Alternatively, you can download and install the Android Benchmark App. If you choose to install the app then you'll have to modify the benchmarking commands below slightly, as shown in this example.

5.2 Run the benchmark

# Copy the data over to the phone.
mkdir -p /data/local/tmp/MatrixOpsStaticModule/tflite
adb push /tmp/iree/modules/MatrixOpsStaticModule/tflite/* \
  /data/local/tmp/MatrixOpsStaticModule/tflite/

# Benchmark with TFLite.
adb shell taskset f0 /data/local/tmp/benchmark_model \
  --graph=/data/local/tmp/MatrixOpsStaticModule/tflite/matmul_lhs_batch.tflite \
  --warmup_runs=1 \
  --num_threads=1 \
  --num_runs=10 \
  --enable_op_profiling=true

# Benchmark with TFLite + RUY.
adb shell taskset f0 /data/local/tmp/benchmark_model_plus_ruy \
  --graph=/data/local/tmp/MatrixOpsStaticModule/tflite/matmul_lhs_batch.tflite \
  --warmup_runs=1 \
  --num_threads=1 \
  --num_runs=10 \
  --enable_op_profiling=true

# Benchmark with TFLite + Flex.
adb shell taskset f0 /data/local/tmp/benchmark_model_plus_flex \
  --graph=/data/local/tmp/MatrixOpsStaticModule/tflite/matmul_lhs_batch.tflite \
  --warmup_runs=1 \
  --num_threads=1 \
  --num_runs=10 \
  --enable_op_profiling=true

# Benchmark with TFLite running on GPU.
adb shell taskset f0 /data/local/tmp/benchmark_model \
  --graph=/data/local/tmp/MatrixOpsStaticModule/tflite/matmul_lhs_batch.tflite \
  --warmup_runs=1 \
  --num_threads=1 \
  --num_runs=10 \
  --enable_op_profiling=true \
  --use_gpu=true

Running benchmark on GPU won't give op profiling.
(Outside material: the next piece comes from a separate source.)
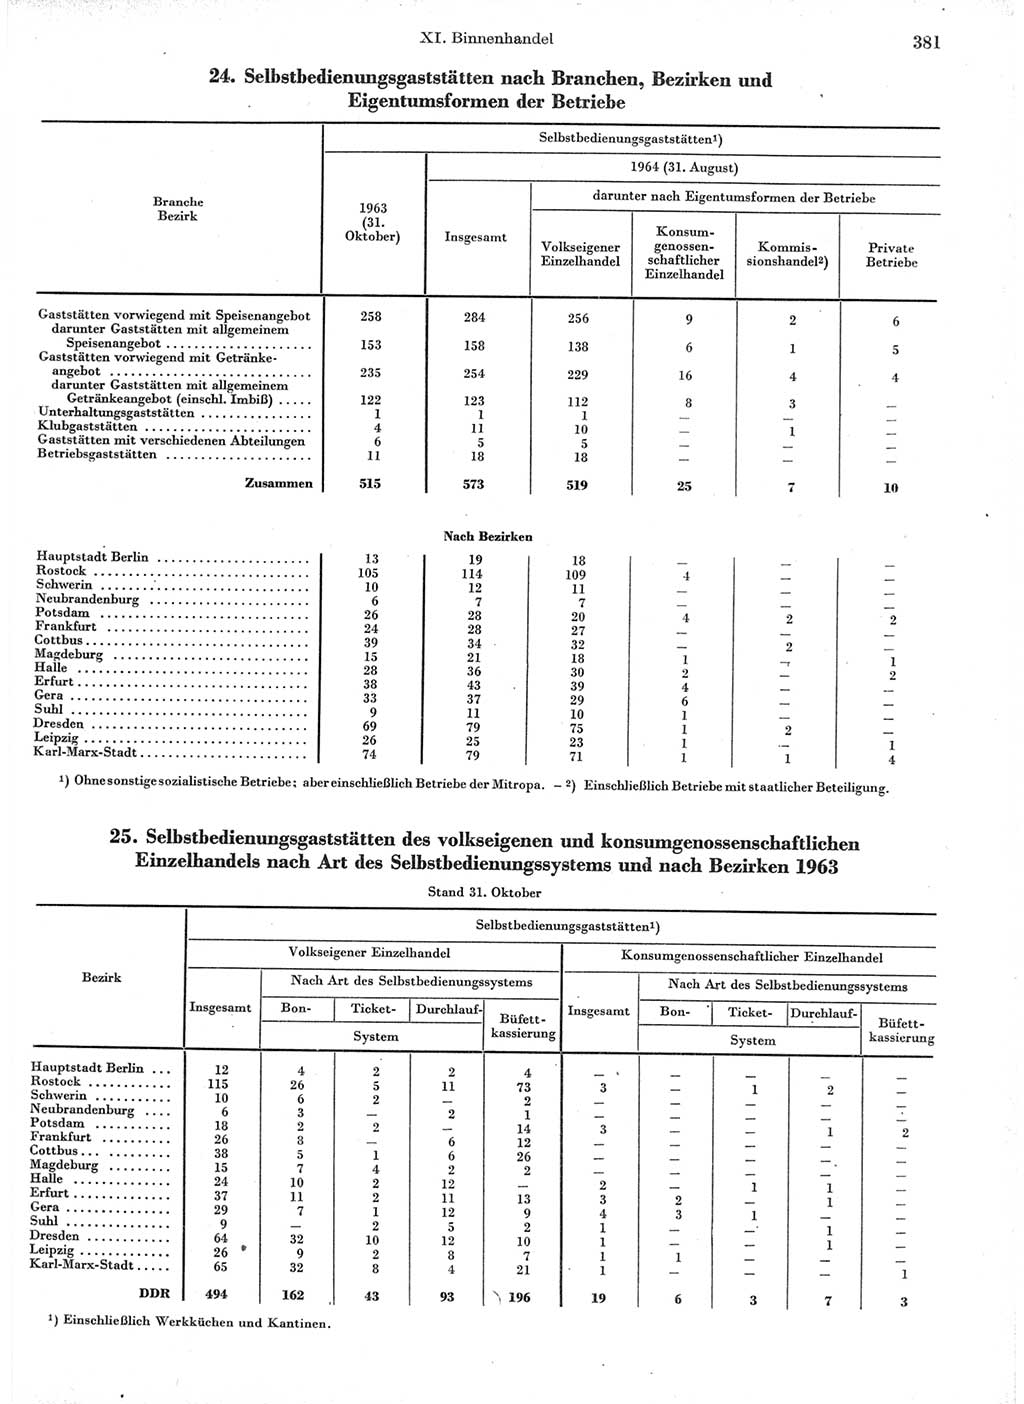 Statistisches Jahrbuch der Deutschen Demokratischen Republik (DDR) 1966, Seite 381 (Stat. Jb. DDR 1966, S. 381)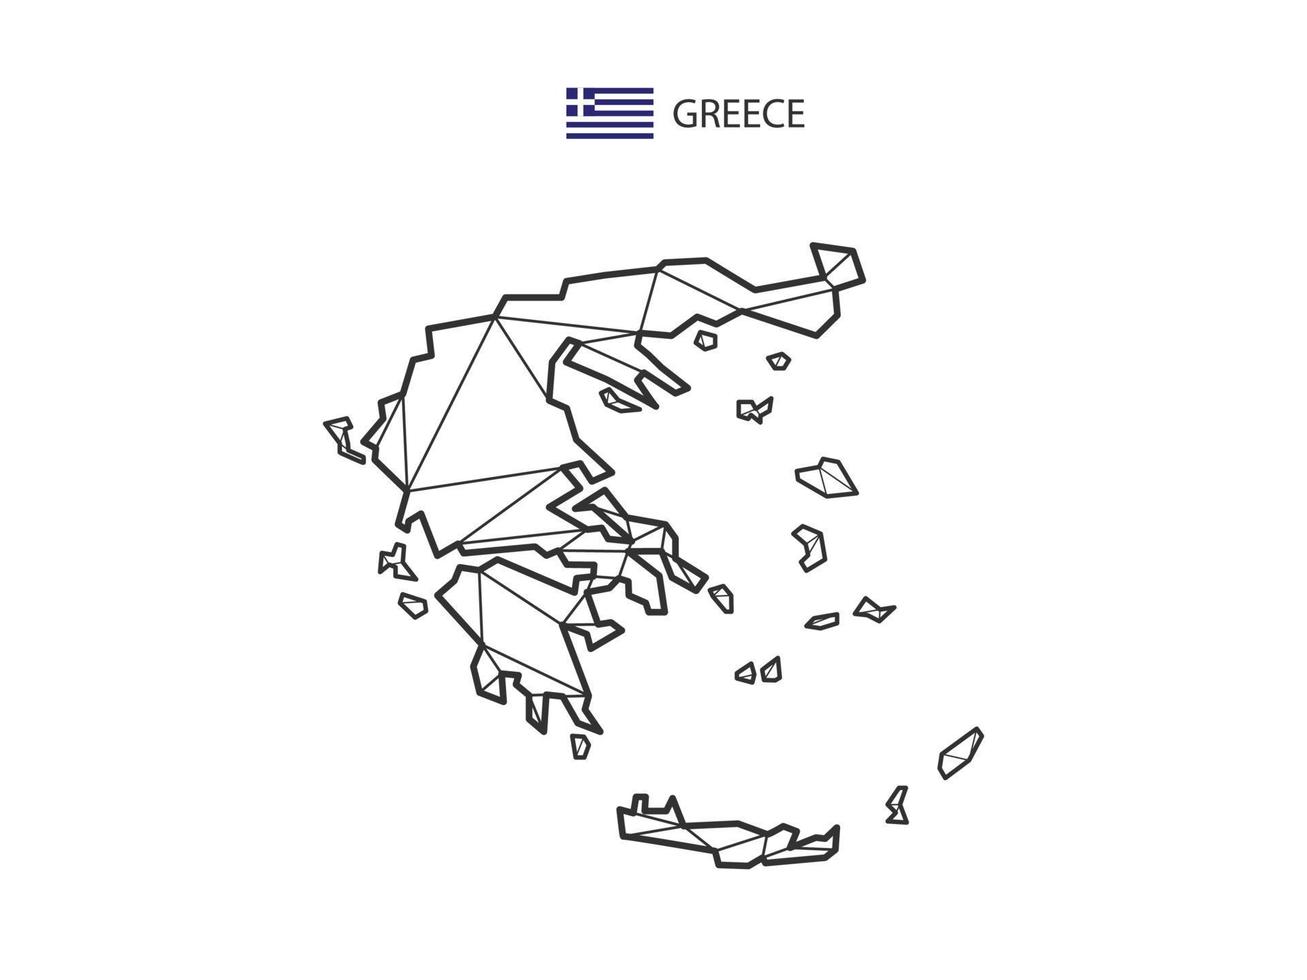 mosaico triángulos mapa estilo de grecia aislado sobre un fondo blanco. diseño abstracto para vectores. vector

To detailed profiling information for GPU you can run the following script:

# Op profiling on GPU using OpenCL backend.
sh tensorflow/lite/delegates/gpu/cl/testing/run_performance_profiling.sh \
  -m /data/local/tmp/MatrixOpsStaticModule/tflite/matmul_lhs_batch.tflite

Note: You will have to manually specify the TFLite graph that you want to benchmark, as the graph_path file assumes that the graph has not moved. The name of the .tflite graph that you need to benchmark may be different from the name of the trace that you want to benchmark, but you can use cat on the graph_path file to verify the correct .tflite filename if you're unsure.